### Supplied material
· · · · · · ·
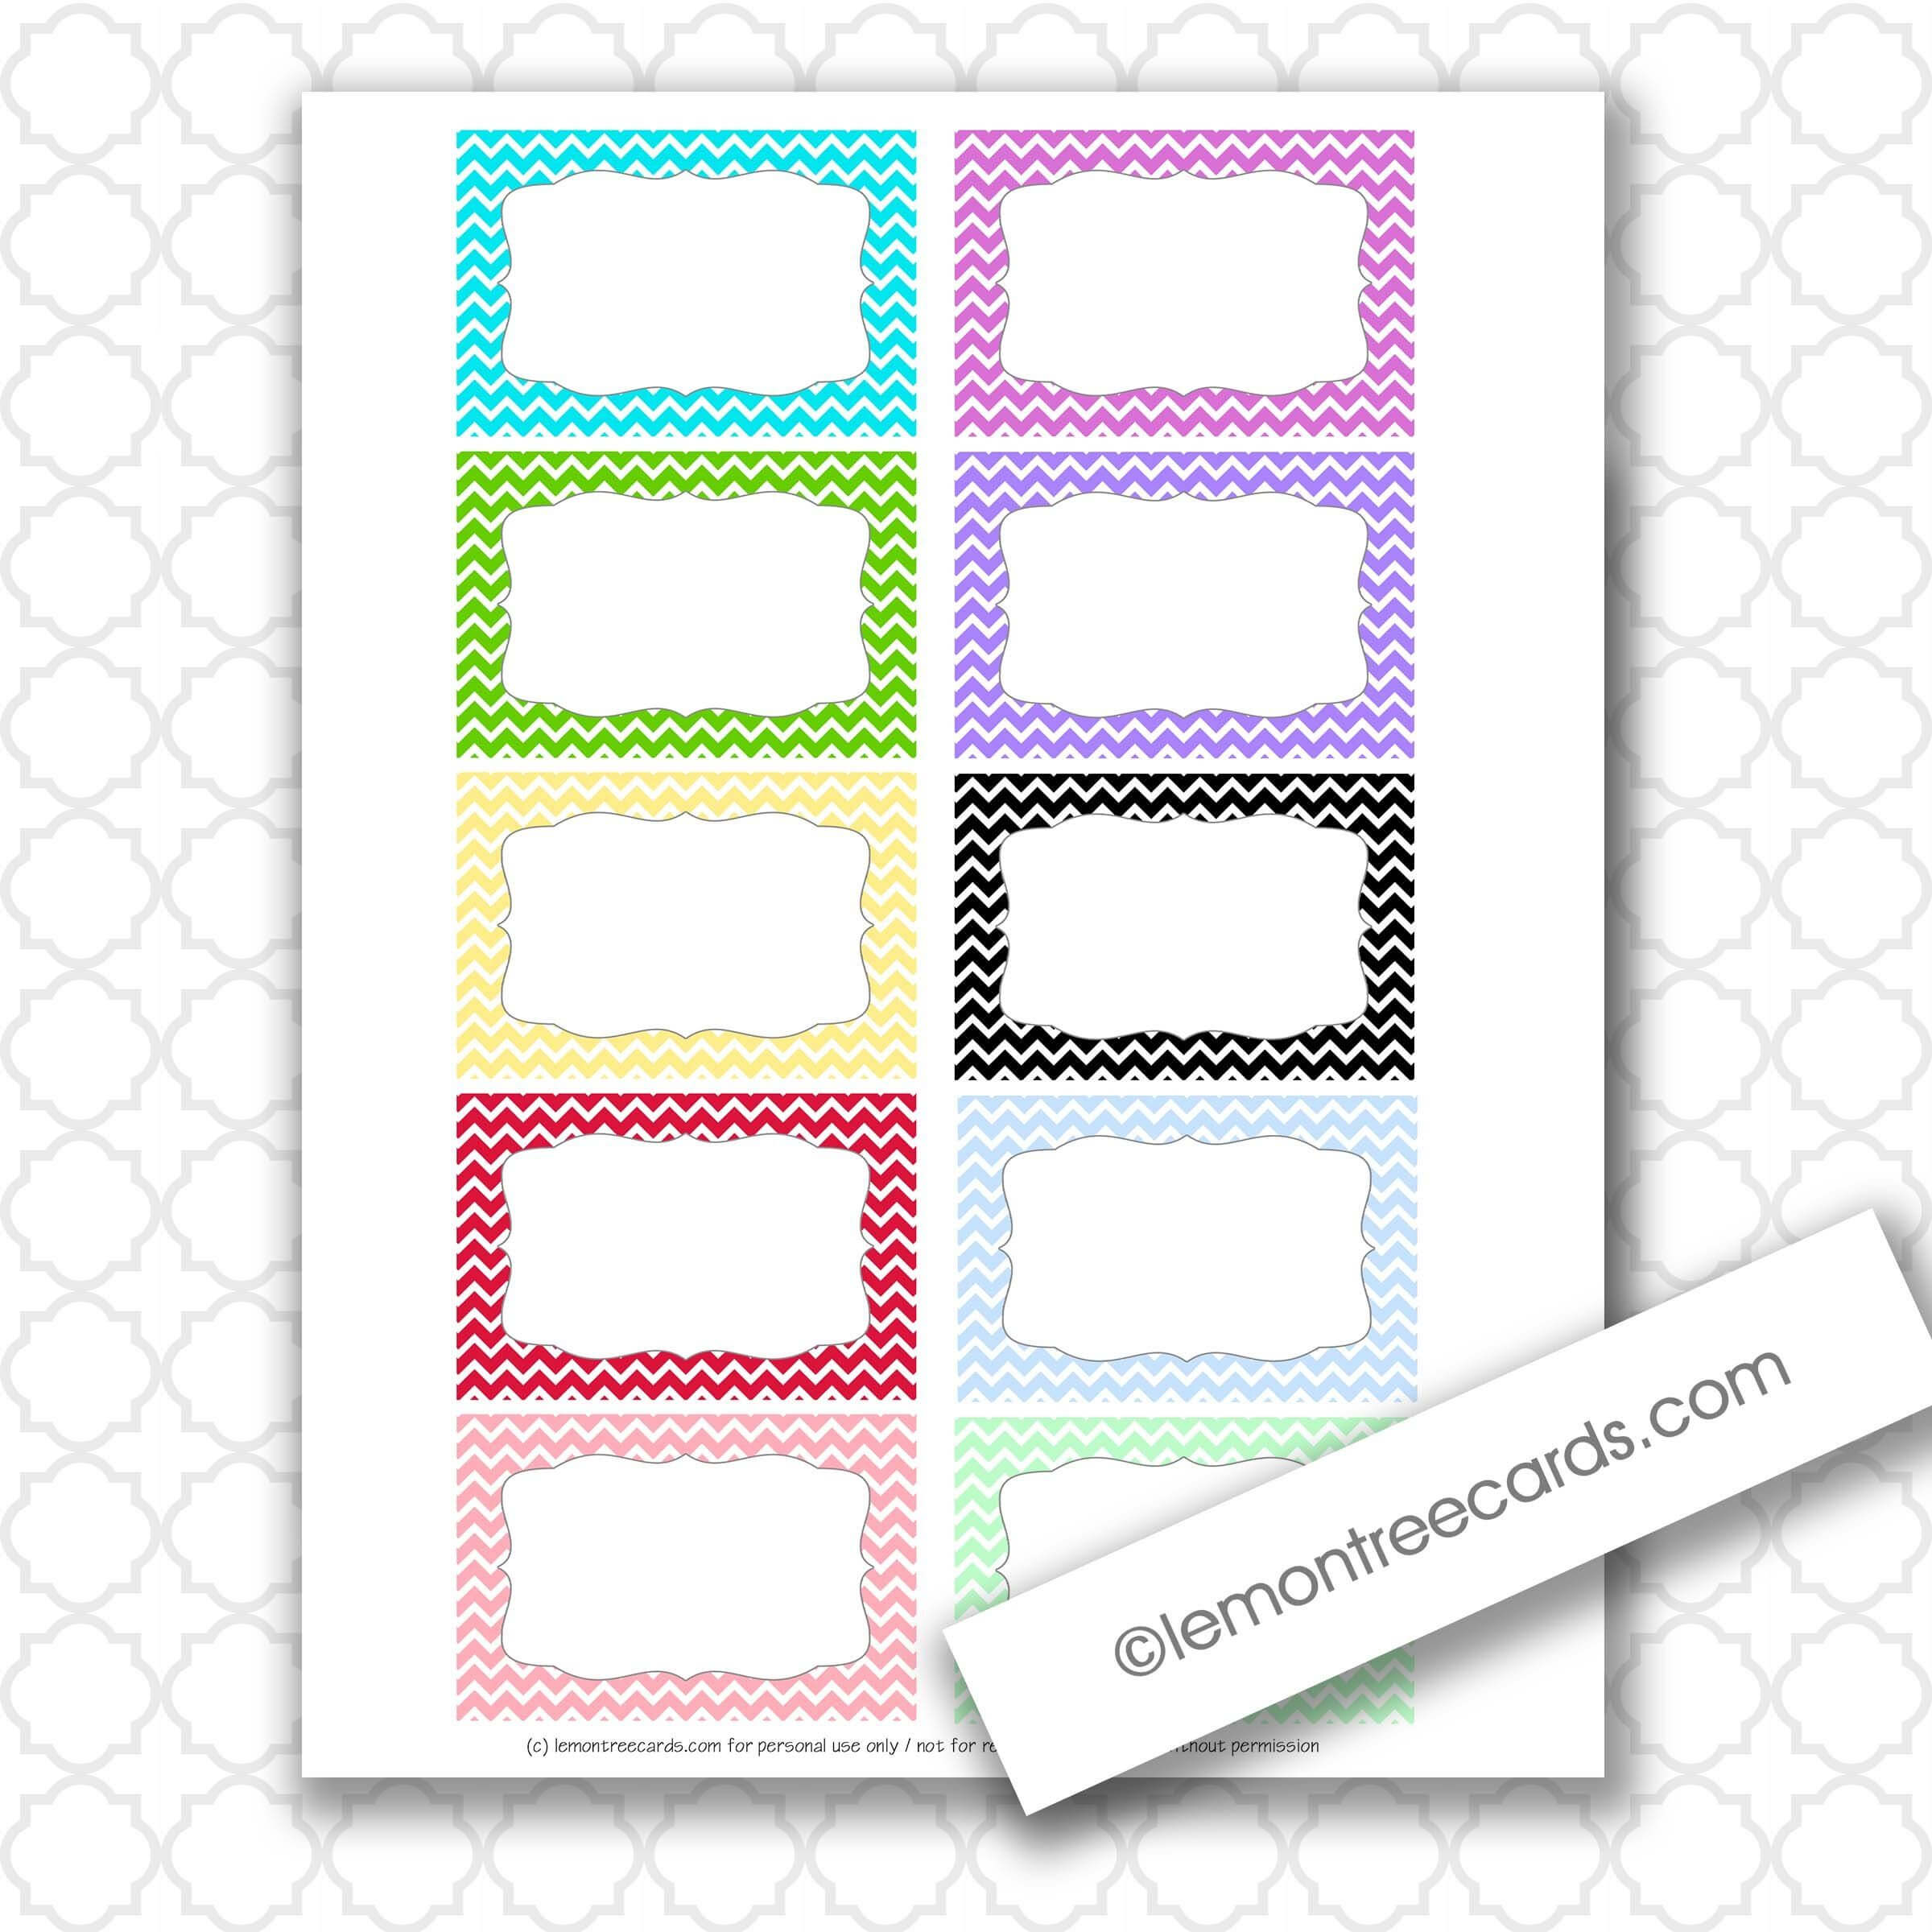 007 Free Index Card Template Ideas Surprising Printable 3X5 For 3X5
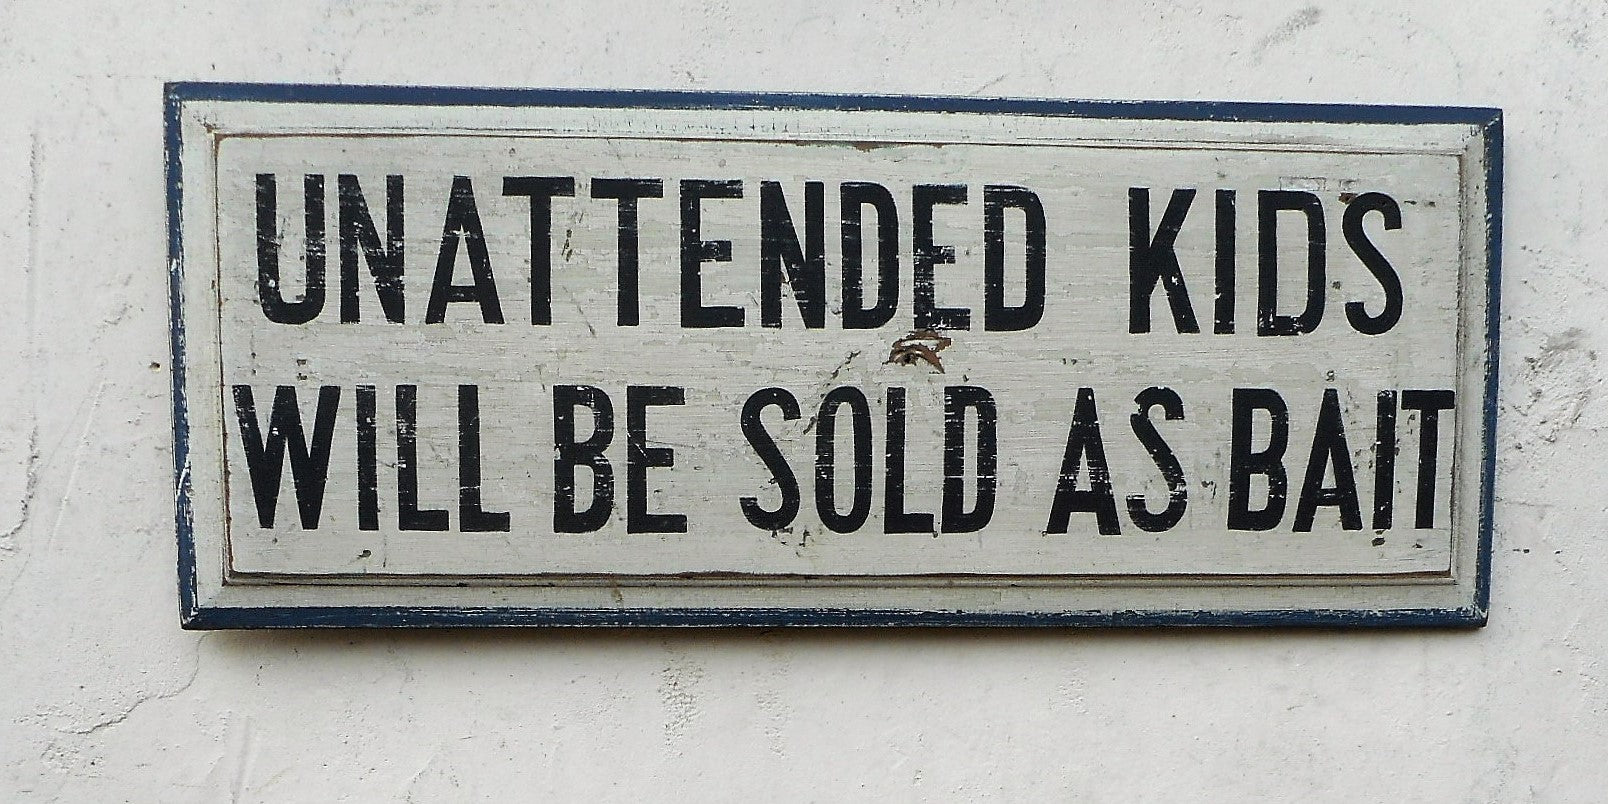 "Unattended Kids" sign
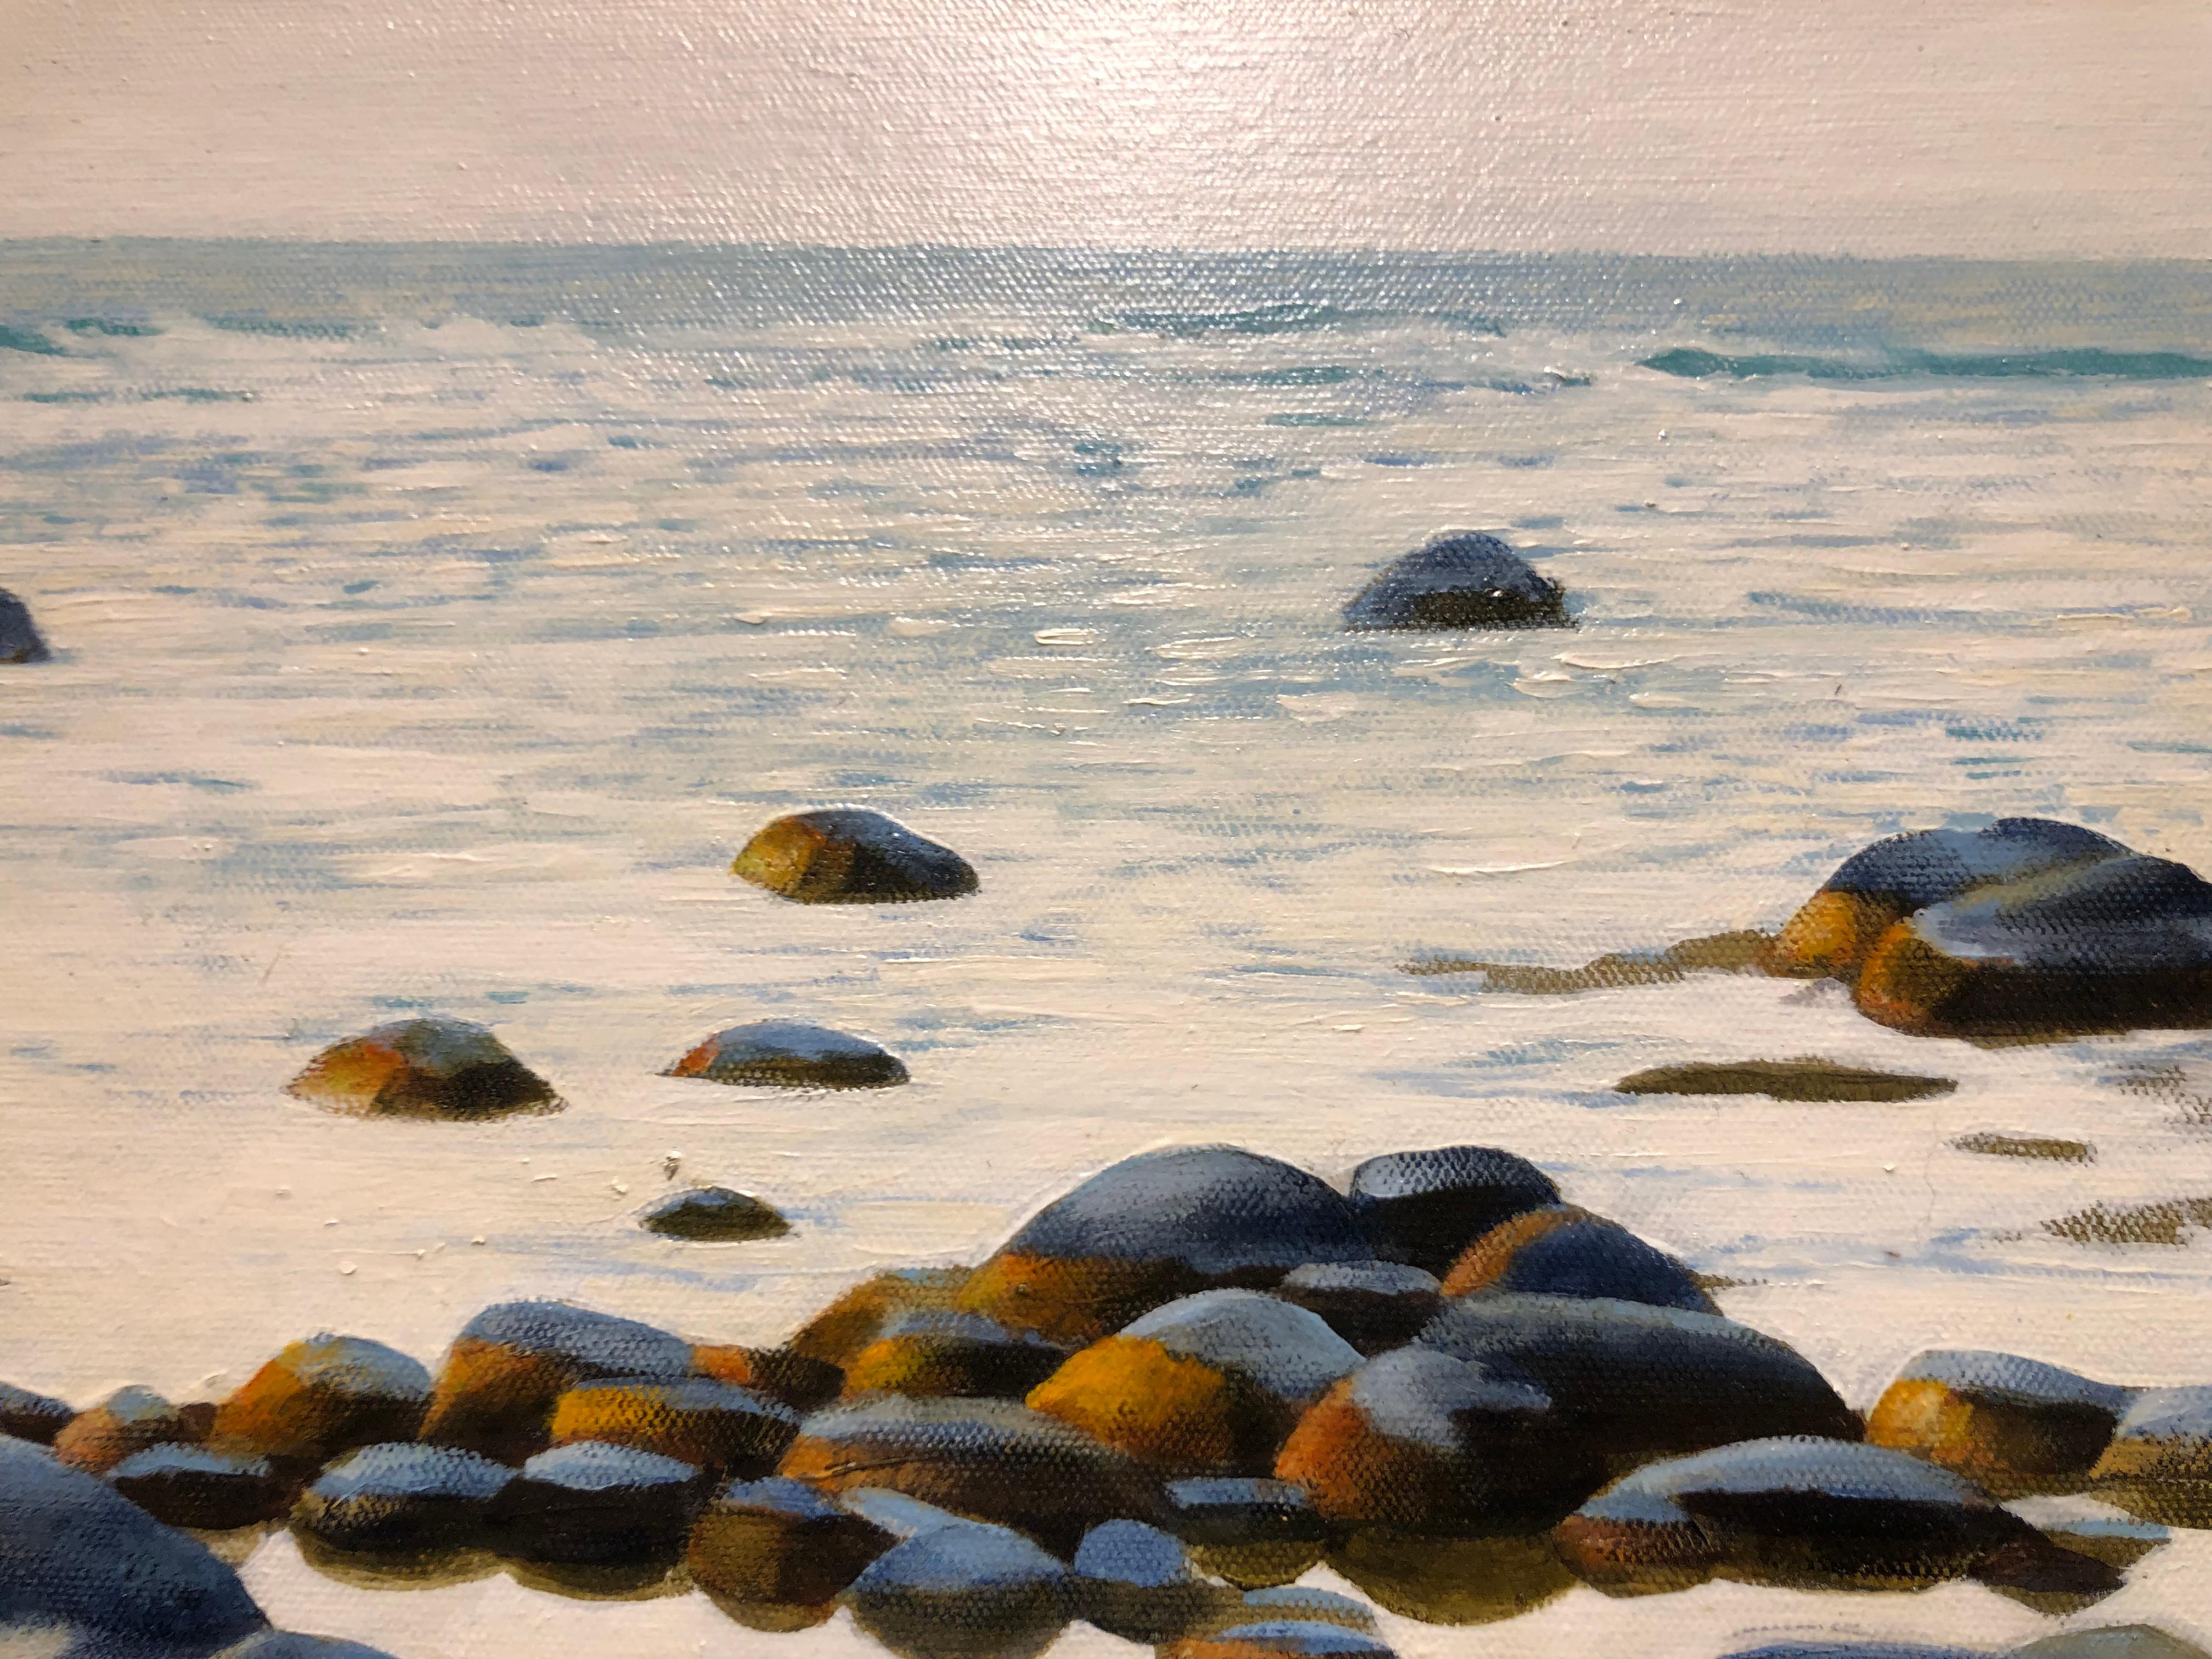 Song of Stones, Rocky Beach of Northern Michigan, Original Oil on Canvas 5
· · · · · · ·
### What the task requires
Go through the material and set it down again exactly, but without any pictures.

### Answer box
 007 Free Index Card Template Ideas Surprising Printable 3X5 For 3X5
 "Unattended Kids" sign
 Song of Stones, Rocky Beach of Northern Michigan, Original Oil on Canvas 5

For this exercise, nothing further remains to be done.